Notebook of S. Ramanujan
S. Ramanujan wrote down all his mathematical findings, in ledger-like notebooks that lately became famous as Ramanujan`s Frayed Notebooks. The Cambridge University Press brought out his Collected Papers in 1927 and after this, the mathematicians all over the world became fascinated by his work and personality. In 1929, two British mathematicians, G. N. Watson of the University of Birmingham and B. M. Wilson of Liverpool University, started to study and edit the notebooks with an intention to unearth the mathematical gems lying undiscovered in them.

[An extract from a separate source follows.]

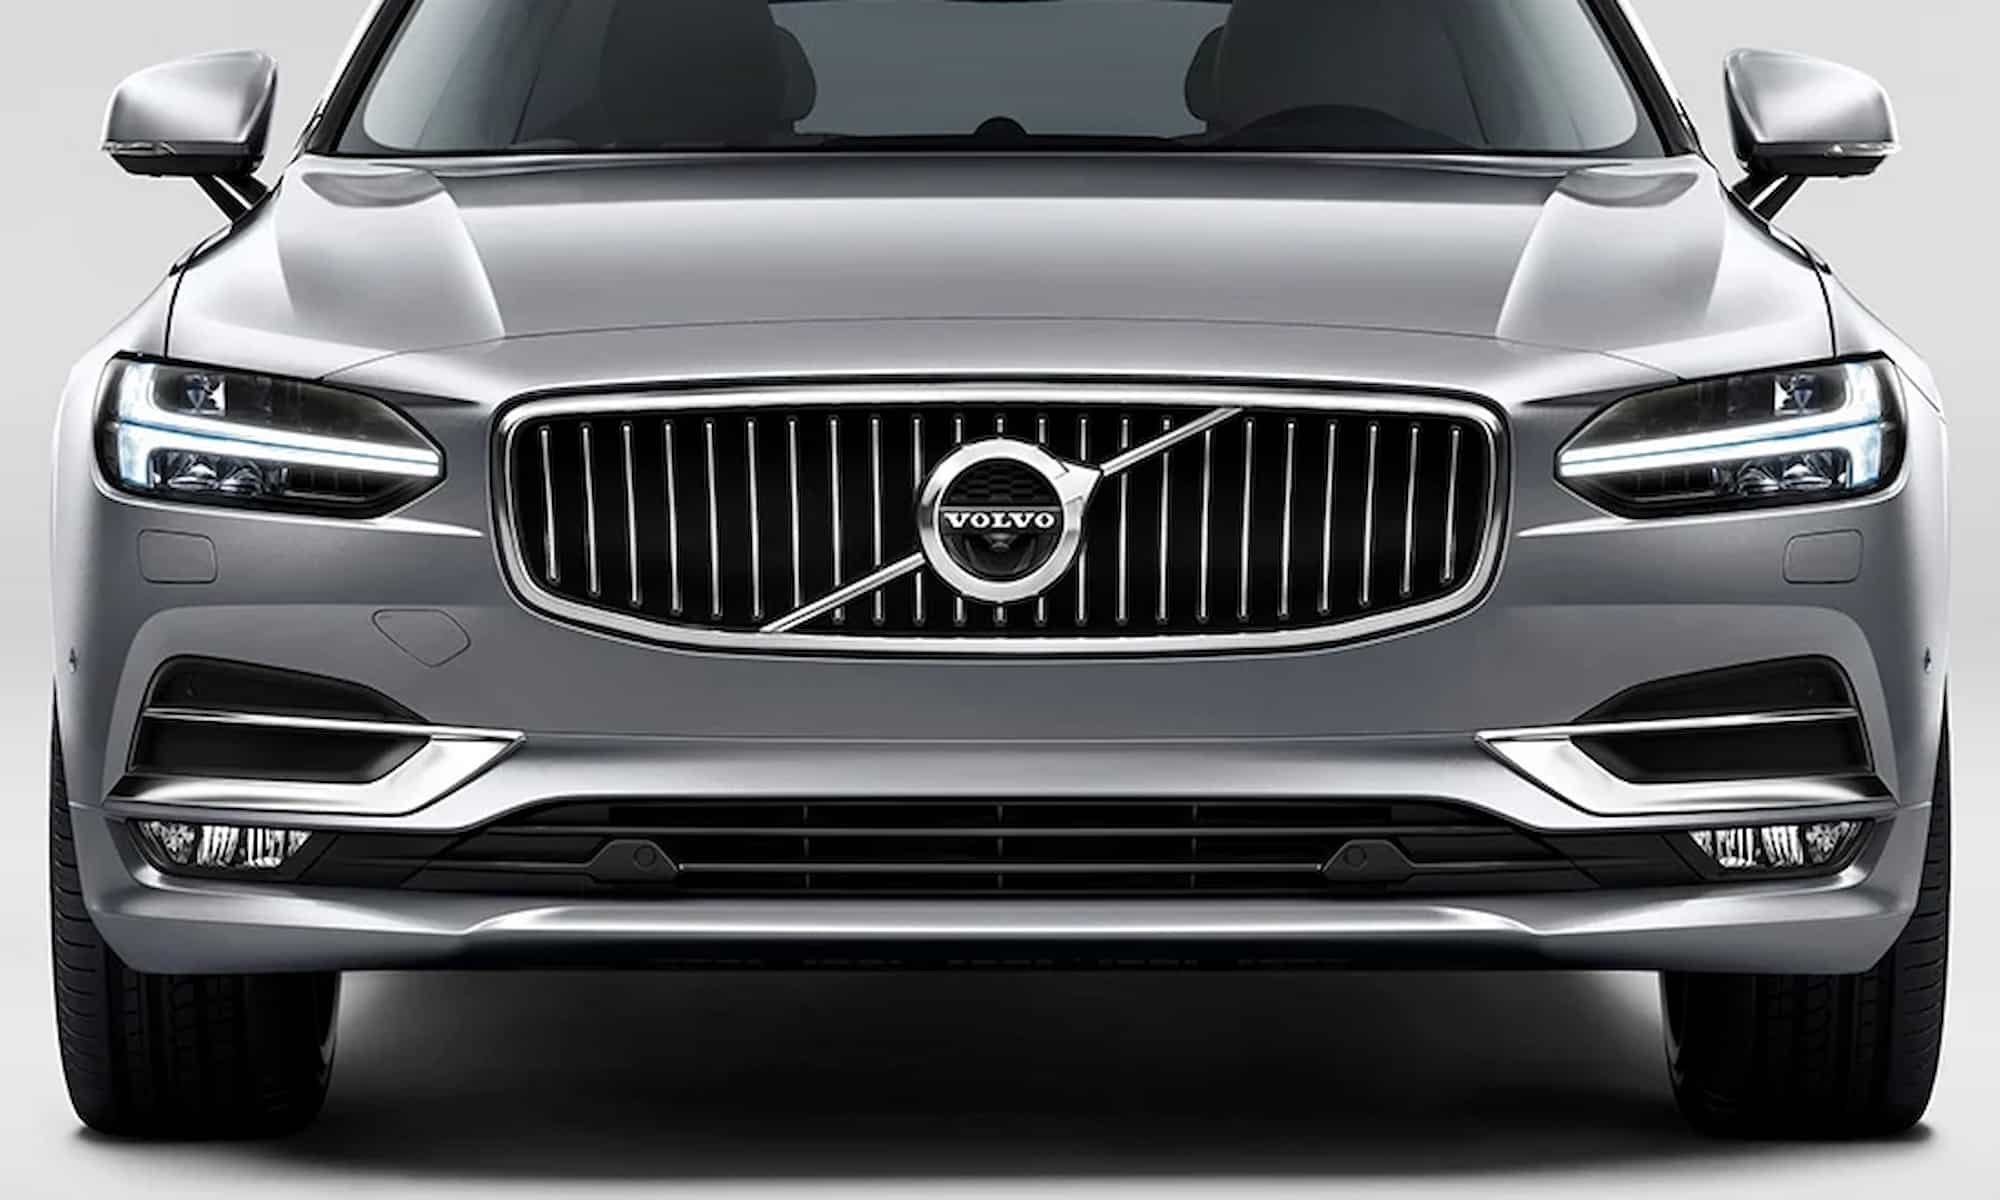 Volvo front grille

The Notebooks contained numerous formulas most of which were related to mock theta functions and q-series and around a third are about modular equations and singular module and other formulas of congruencies, integrals, asymptotic series.
Eventually, the Tata Institute of Fundamental Research, Mumbai published the facsimile editions of the two volumes of Ramanujan`s notebooks in 1957. The books were published at the initiative of the Indian nuclear physicist Dr. Homi Jehangir Bhabha and the publication once again, renewed the mathematicians` interest in Ramanujan`s notebooks. S. Ramanujan surmise has remained a bench mark in Mathematics. The most outstanding contribution of Ramanujan was his formula for p (n), the number of partitions of "n". For all these reasons, he is hailed as an all time great mathematician like Euler, Gauss or Jacobi for his natural intellect.
To commemorate Ramanujan, Indian Government issued postage stamps to celebrate his 75th birthday.